Post-Quantum Cryptography (PQC)

Cryptographic algorithms designed to be secure against both classical and quantum computers. NIST finalized three post-quantum standards in August 2024: ML-KEM (key encapsulation), ML-DSA (signatures), and SLH-DSA (hash-based signatures).

Information-Theoretic Security

Security not based on computational hardness assumptions and resilient regardless of attacker compute power. Unlike computational security, information-theoretic security cannot be broken even with unlimited computational resources, including quantum computers. In multi-party cryptography, constructions such as SILMARILS’s three-party broadcast mode can achieve simulation-based security with uniform 1/p error across pure-IT, IT+ROM, and QROM analyses.

Cryptographically Relevant Quantum Computer (CRQC)

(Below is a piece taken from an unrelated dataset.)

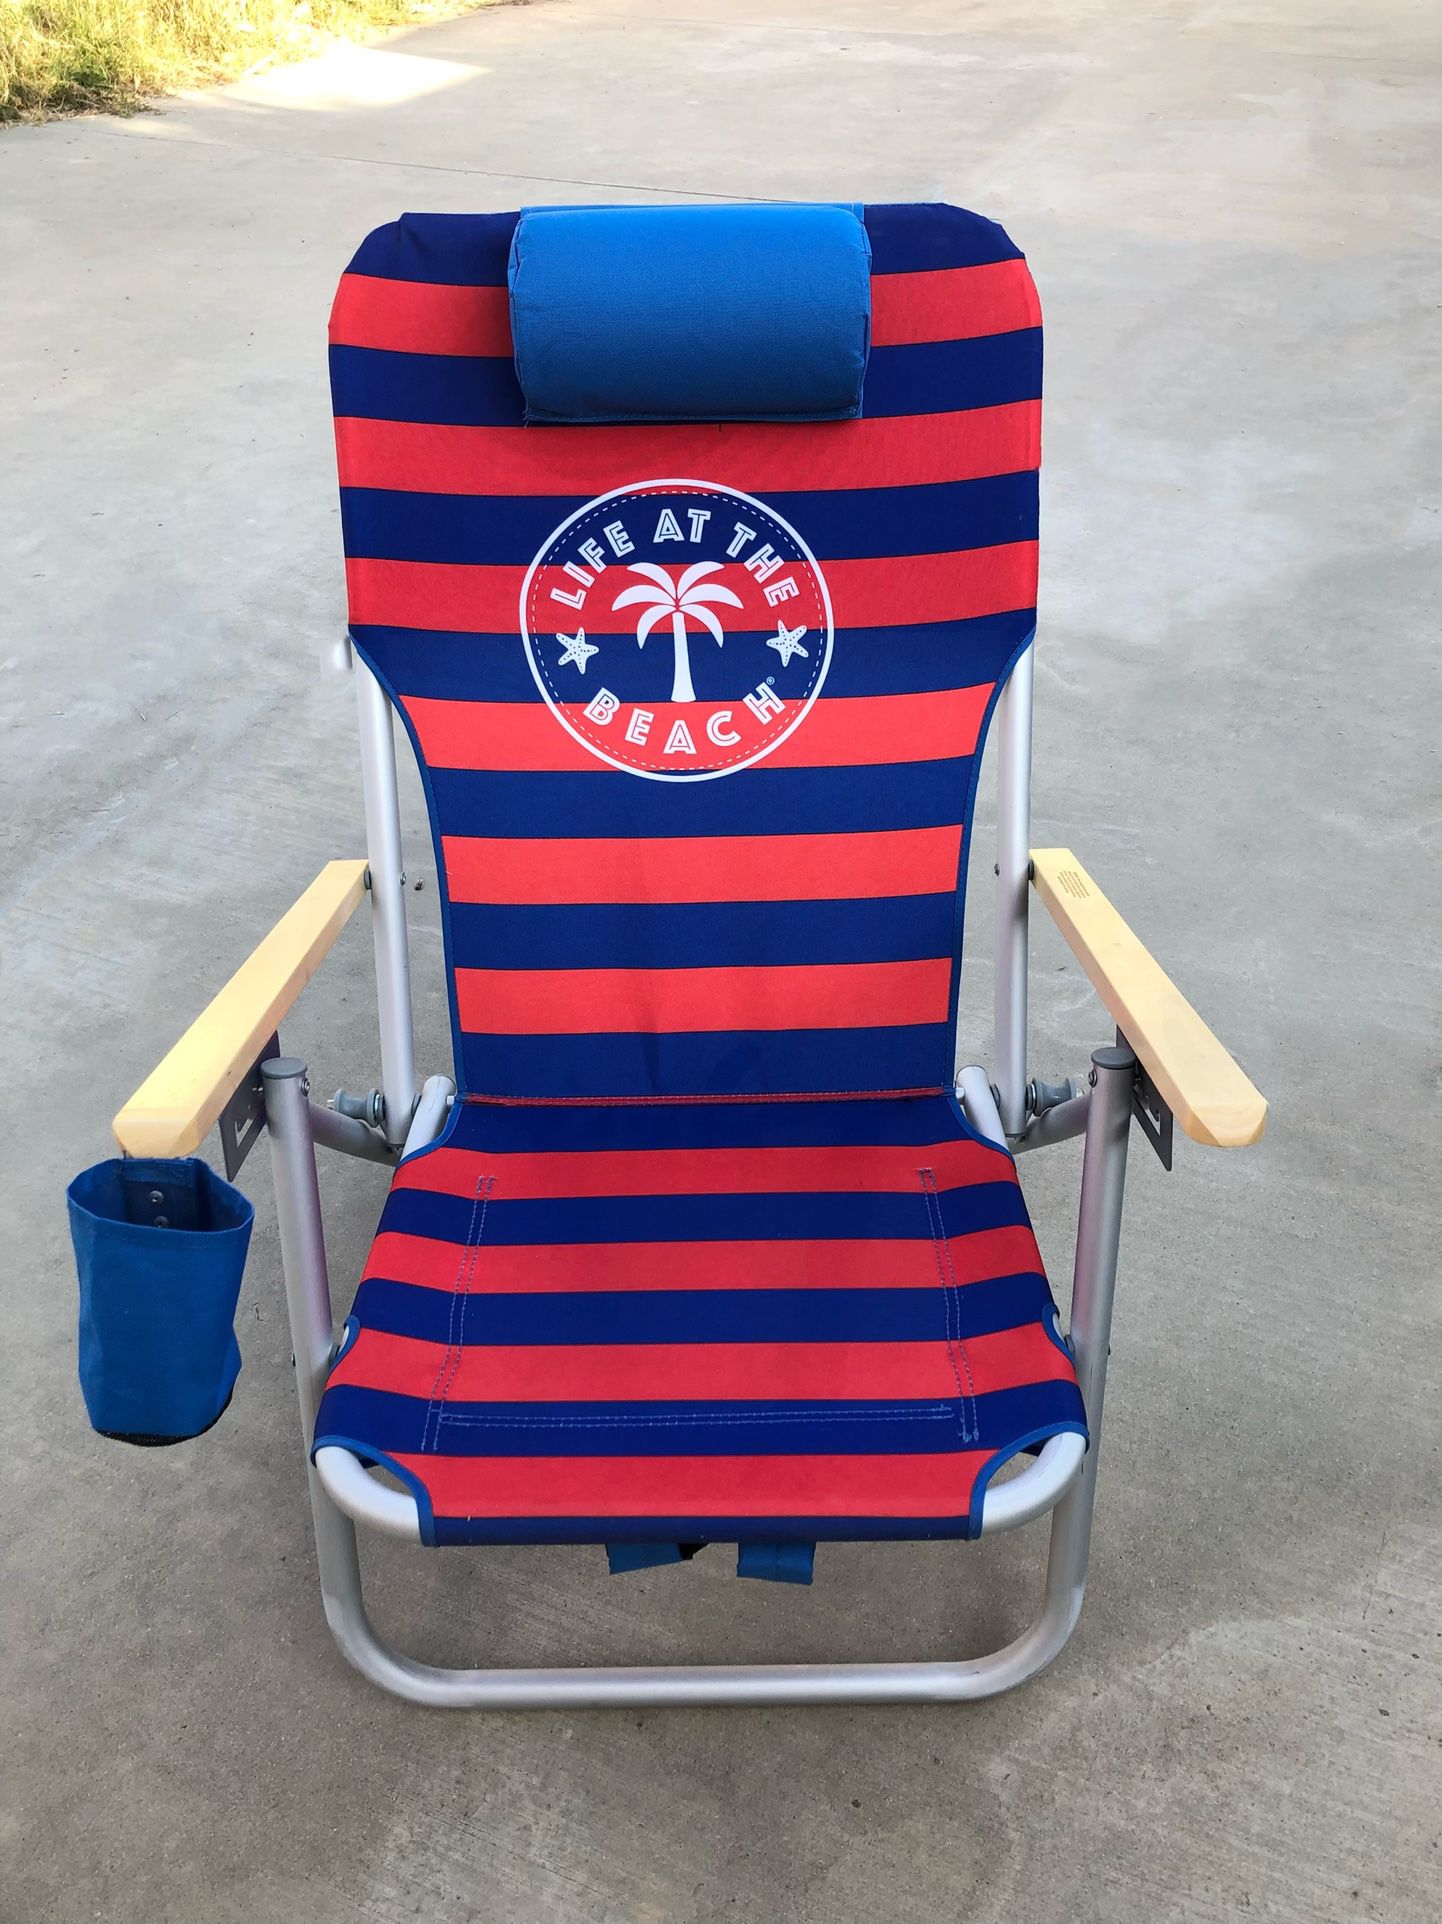 Folding beach chair
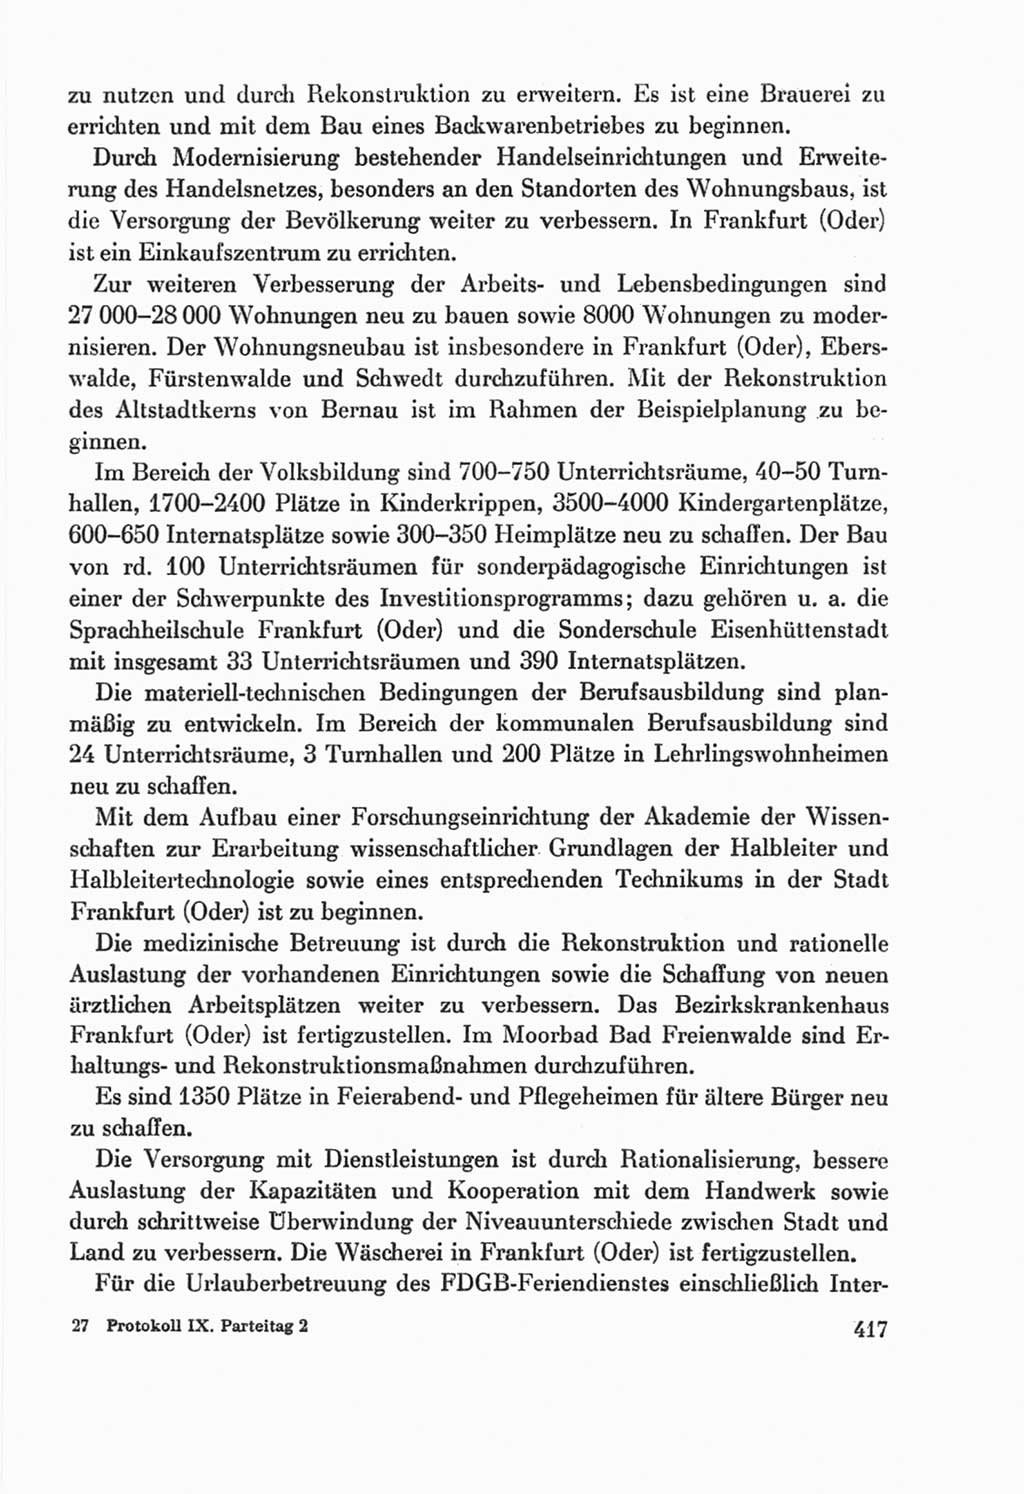 Protokoll der Verhandlungen des Ⅸ. Parteitages der Sozialistischen Einheitspartei Deutschlands (SED) [Deutsche Demokratische Republik (DDR)] 1976, Band 2, Seite 417 (Prot. Verh. Ⅸ. PT SED DDR 1976, Bd. 2, S. 417)

A quantum computer with sufficient qubits and error correction to break current cryptographic schemes. Google's March 2026 paper estimates fewer than 500,000 physical qubits required to break secp256k1, down from prior estimates of ~9 million.

Q-Day

The anticipated day when a cryptographically relevant quantum computer becomes operational and can break currently deployed cryptography. Google's whitepaper authors explicitly state that Q-Day will likely arrive without significant advance notice.

Institutional Risk Framework

Cryptographic Migration Debt

The accumulated financial, operational, and coordination cost of moving from classical signatures to post-quantum authorization. Migration debt accrues at issuance time, not at break time. Every new asset issued on a quantum-vulnerable rail compounds the debt. First-order estimate: $57B-$135B across major institutional digital asset programmes.

Control-Plane Vulnerability

Risk concentration in admin keys, mint/burn/freeze authority, governance multisigs, transfer-agent signing, and bridge attesters. For enterprises, the governance layer is more exposed than individual end-user accounts. A quantum attacker targeting the admin key governing $200B in stablecoins does not need to attack a single wallet.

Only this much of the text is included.